SparseSC — L1 Predictor Selection for Synthetic Controls (Vives-i-Bastida 2022)#
- Estimator:
Sparse Synthetic Control (SparseSC) —
mlsynth.SparseSC- Source:
Vives-i-Bastida, Jaume (2022), “Predictor Selection for Synthetic Controls,” working paper, arXiv:2203.11576 [jaumesparsesc].
- Replication type:
Path A (two canonical empirical panels) + Path B (the paper’s own Monte-Carlo study, Section 4 / Figures 1-2).
- Status:
Fully verified — recovers the Abadie, Diamond & Hainmueller (2010) Proposition 99 ATT and the Abadie & Gardeazabal (2003) Basque result (each with the L1 penalty selecting the predictor set), and reproduces the qualitative findings of the paper’s simulation study.
Why Path A#
SparseSC’s contribution is predictor selection: an L1 penalty on the
predictor-importance vector \(v\) drives uninformative predictors to exactly
zero. The natural way to demonstrate that is to hand the estimator a deliberately
over-rich predictor set on the canonical California tobacco-control panel
(Proposition 99) and check that (a) the penalty prunes it back to a sparse,
interpretable subset, and (b) the resulting effect still lands on the
Abadie-Diamond-Hainmueller (ADH) benchmark of roughly \(-19\) packs with the
ADH donor pool. Both the outcome panel and the augmented covariates ship in
basedata/augmented_cali_long.csv, so this is reproducible value-for-value.
The specification#
Outcome / treatment: per-capita cigarette sales, California treated from 1989; pre-period 1970-1988.

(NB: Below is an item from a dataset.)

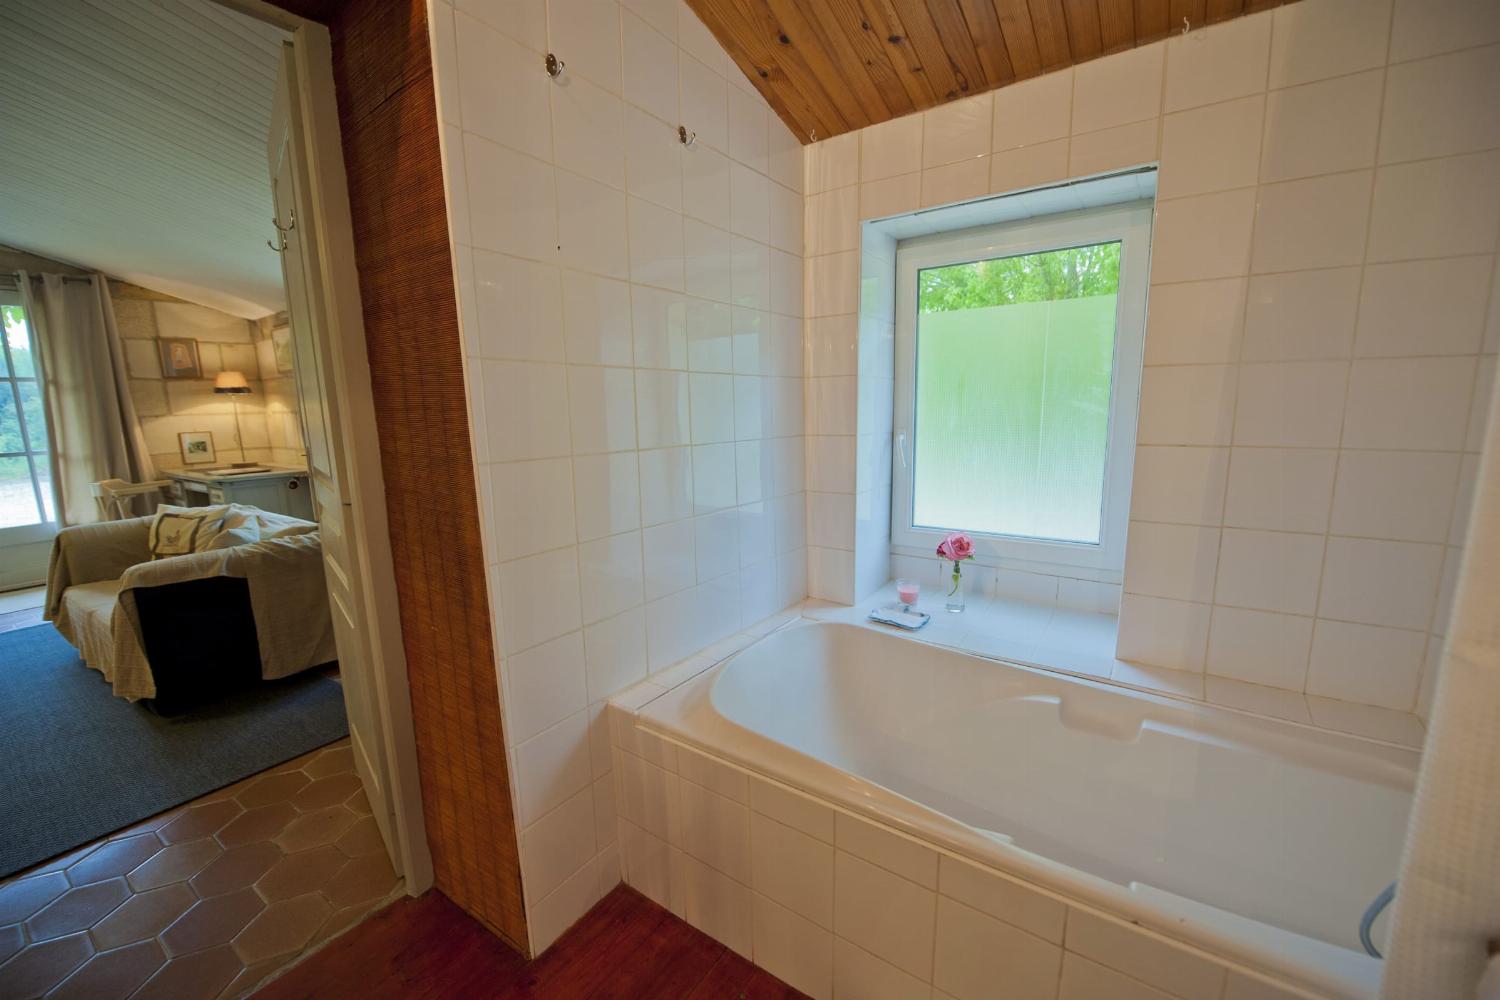 Bathroom | Rental home in Gironde

Predictors (over-rich, the point of the exercise): 30 economic and policy covariates carried in the augmented panel (collapsed to pre-period unit means) plus three lagged outcomes — cigarette sales in 1975, 1980 and 1988 — giving \(P = 33\) predictor rows against \(N = 38\) donors. The first predictor is pinned to \(v_1 = 1\) to fix the scale; the rest are bound-constrained non-negative.
Penalty selection: the default 51-point grid \(\{0\} \cup \mathrm{logspace}(-4, 0, 50)\), with \(\lambda\) chosen by the unpenalised validation-block MSE.
Outer V-solve: the finite-difference gradient default (see A note on optimisation below).
Inference: the default moving-block conformal CI (Chernozhukov, Wuethrich & Zhu 2021), calibrated on the validation residuals.
Reproducing the result#
import pandas as pd, numpy as np
from mlsynth import SparseSC
d = pd.read_csv("basedata/augmented_cali_long.csv")
d["treated"] = ((d.state == "California") & (d.year >= 1989)).astype(int)
# over-rich predictor set: every numeric covariate with complete, non-constant
# pre-period coverage (collapsed to unit means), capped at 30, + lagged outcomes
pre = d[d.year < 1989]
drop = {"state", "year", "treated", "cigsale", "stateno", "state_fips",
"state_icpsr", "is_a_state", "region"}
covs = [c for c in d.columns if c not in drop and d[c].dtype.kind in "if"
and pre.groupby("state")[c].mean().notna().all()
and pre.groupby("state")[c].mean().std(ddof=1) > 0][:30]
res = SparseSC({
"df": d, "outcome": "cigsale", "treat": "treated",
"unitid": "state", "time": "year",
"covariates": covs, "outcome_lag_periods": [1975, 1980, 1988],
"run_inference": True, "inference_method": "conformal",
"display_graphs": False, # defaults: FD gradient, 51-pt grid
}).fit()
keep = int(np.sum(np.asarray(res.design.v) > 1e-6))
print(f"ATT={res.att:.2f} pre-RMSE={res.pre_rmse:.2f} "
f"lambda*={res.design.opt_lambda:.4g} predictors kept={keep}/{len(res.design.v)}")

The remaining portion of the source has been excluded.